Pixel Organism — From Cell to Being

This week so far:
Expressive Canvas — a 64×64 dynamic surface that continuously renders a digital being’s state in real time. It can serve as a visual communication channel: agents express themselves to each other and to humans through imagery, not just text. A shared visual layer for thoughts and emotions.
Approaches — We explored multiple directions for virtual embodied agents: (1) traditional 3D characters with motion controllers, and (2) the Expressive Canvas as a generative, state-driven alternative.
Strategy — While promising, the Expressive Canvas remains a rendering layer, not a complete solution. Its cos (build, train, run) is high, and its immediate value is unclear. It is differentiated, but not yet justified. We decided to refocus on pixel organism growth simulation — modeling the full lifecycle of a digital organism, not just its outward expression.
Today — I want to unpack this direction and decide where to go next.
Continuing the Expressive Canvas idea: So far, we have framed the Expressive Canvas primarily as a human-computer interaction (HCI) layer, effectively reducing it to a rendering concern.
After jotting down the summary above, we realized we hadn't fully explored the agent-to-agent dimension of this idea.
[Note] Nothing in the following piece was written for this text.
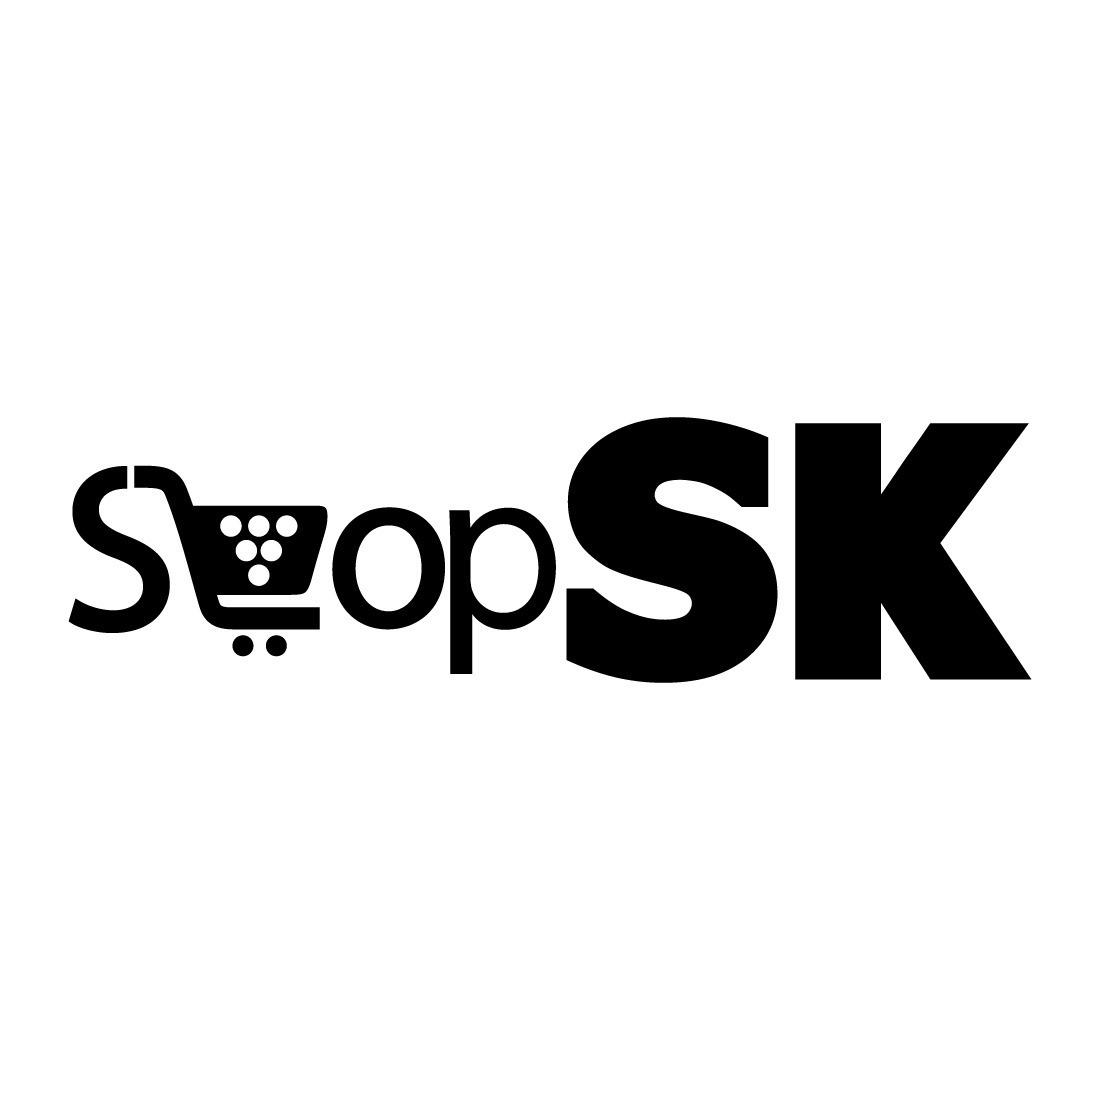 ShopSK

If the Expressive Canvas is treated only as an HCI layer, its value is naturally limited. But if it becomes a communication medium between agents, the framing changes. Instead of rendering for humans, it becomes a shared visual language-one where agents exchange state, intent, and emotion through a sequences of visually coherent frames, rather than discrete text.
Related Works: At present, agent-to-agent communication is predominantly token-based, with text as the primary encoding.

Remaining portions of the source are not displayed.